There is currently no cure for liver cirrhosis and a patient's only hope of survival is to receive a liver transplant.

The Edinburgh scientists from the University's Centre for Inflammation Research, in collaboration with colleagues from the University of Southampton and Cincinnati, Ohio have, for the first time, identified two separate populations of immune cells --macrophages--in the liver. One group of macrophages causes scarring to the liver, but the next wave of immune cells, produced only a few days later, change function to break down and reabsorb the scarring. These findings, published in the January edition of Journal of Clinical Investigation, will help doctors to understand the mechanisms by which the liver is damaged and repaired and may lead to future treatments.

Researcher Dr Jeremy Duffield explained: "The links between the immune system, inflammation and scarring in the liver have not been well understood, and this has hindered progress in finding ways to prevent and repair liver damage. Now that we have shown how the macrophages work, we aim to find out how to create, activate and de-activate these cells to make them repair, rather than damage, liver tissue."

He added: "Cirrhosis, commonly, but not always, caused by alcohol consumption, can lead to liver failure.
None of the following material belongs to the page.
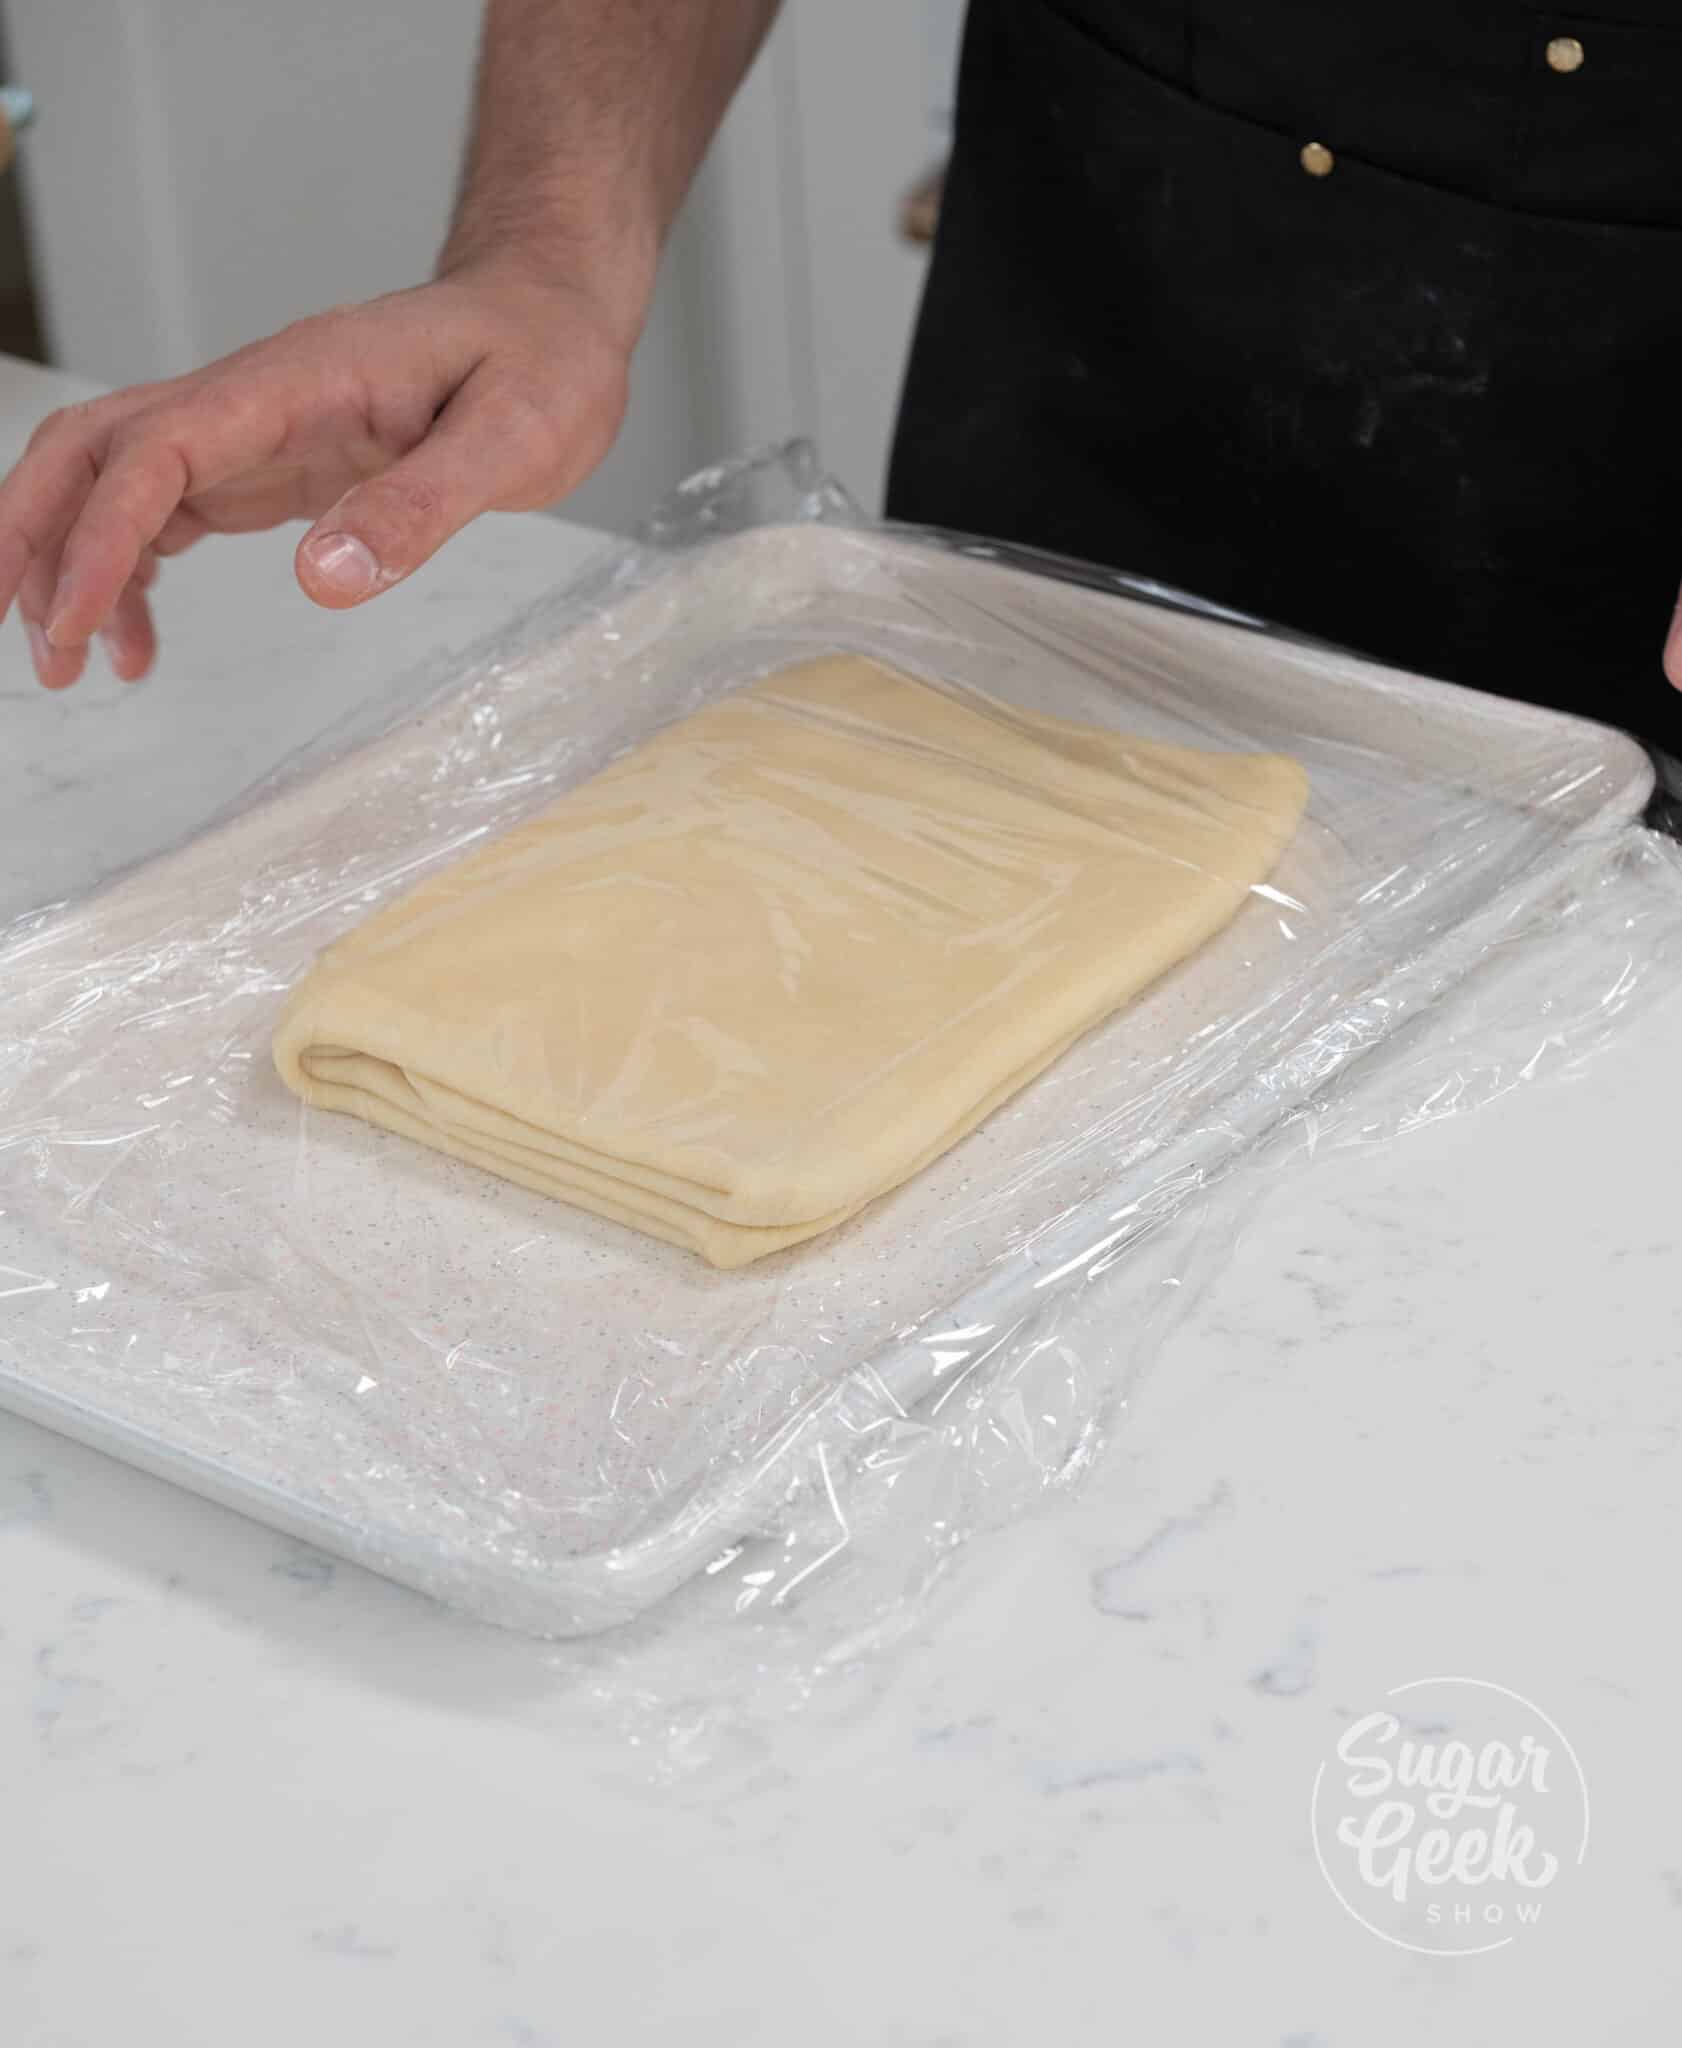 dough resting on baking sheet.

At a time when outcomes for other diseases, such as cancers and heart trouble, have made dramatic gains, liver damage --described as the new plague of the 21st century --has yet to be understood and in turn, to become treatable. More women in the UK now die of liver failure than do of cancer of the cervix.
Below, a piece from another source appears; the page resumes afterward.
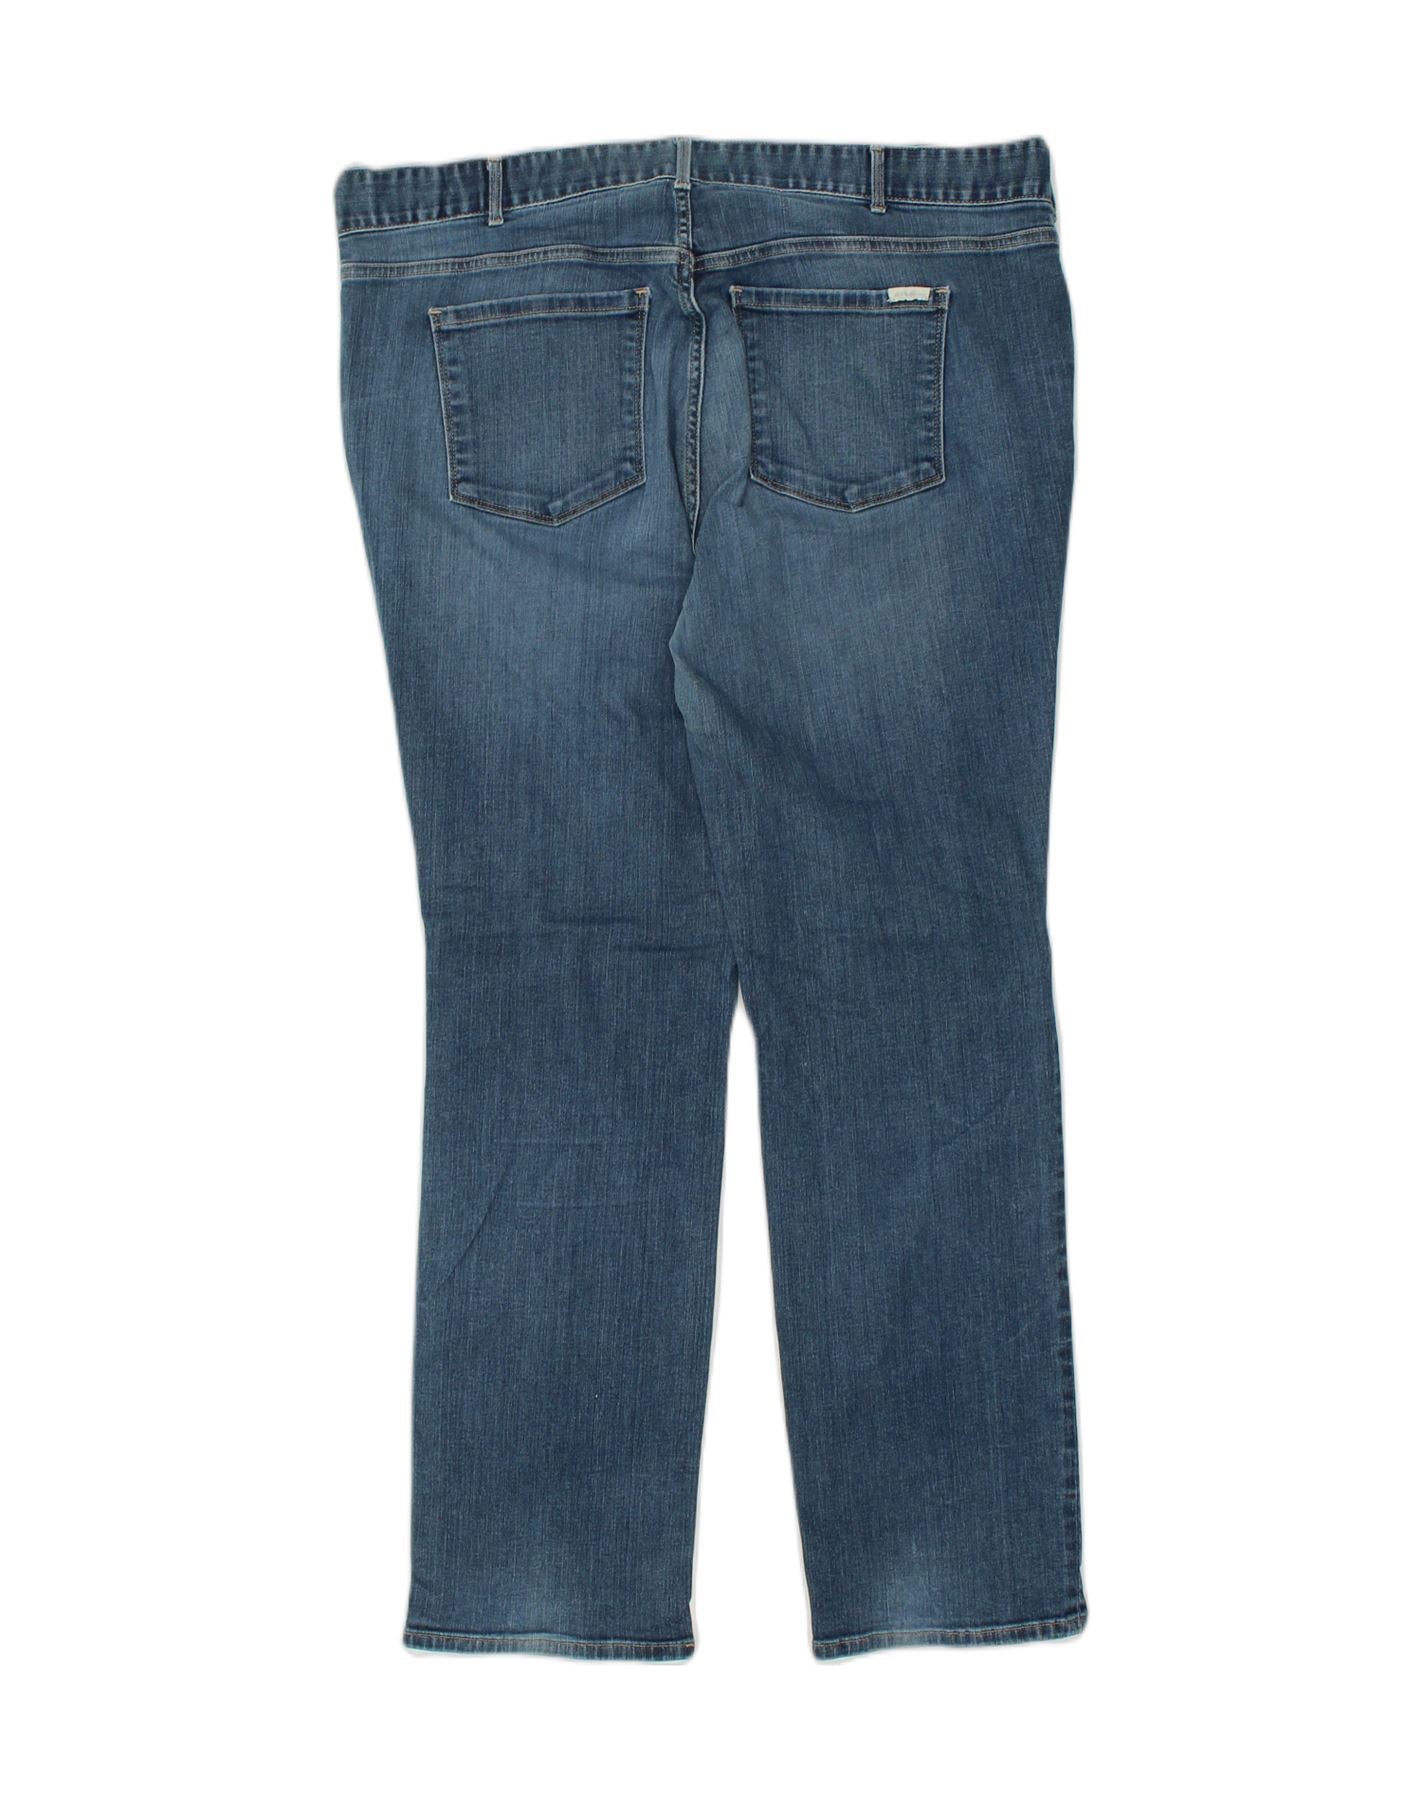 Blue Curvy Jegging Denim Pants Online Shopping

"There has been a fourfold increase in the number of men aged 45-54 dying of cirrhosis since 1970 and a threefold increase in women of the same age group. Liver failure is also rapidly increasing in younger people with the deaths in the UK of 500 men and 300 women aged 25-44, in 2003."

Professor John Iredale of the University of Southampton said: "We are facing a huge increase in the numbers of patients with advanced liver fibrosis (scarring) and cirrhosis (end stage scarring of the liver). Currently, we have no effective treatment for liver cirrhosis which is associated with internal bleeding, liver failure and the development of primary liver cancer. There is a huge imperative to develop new approaches to the treatment of liver scarring. Exciting insights such as these will inform the design of future therapies."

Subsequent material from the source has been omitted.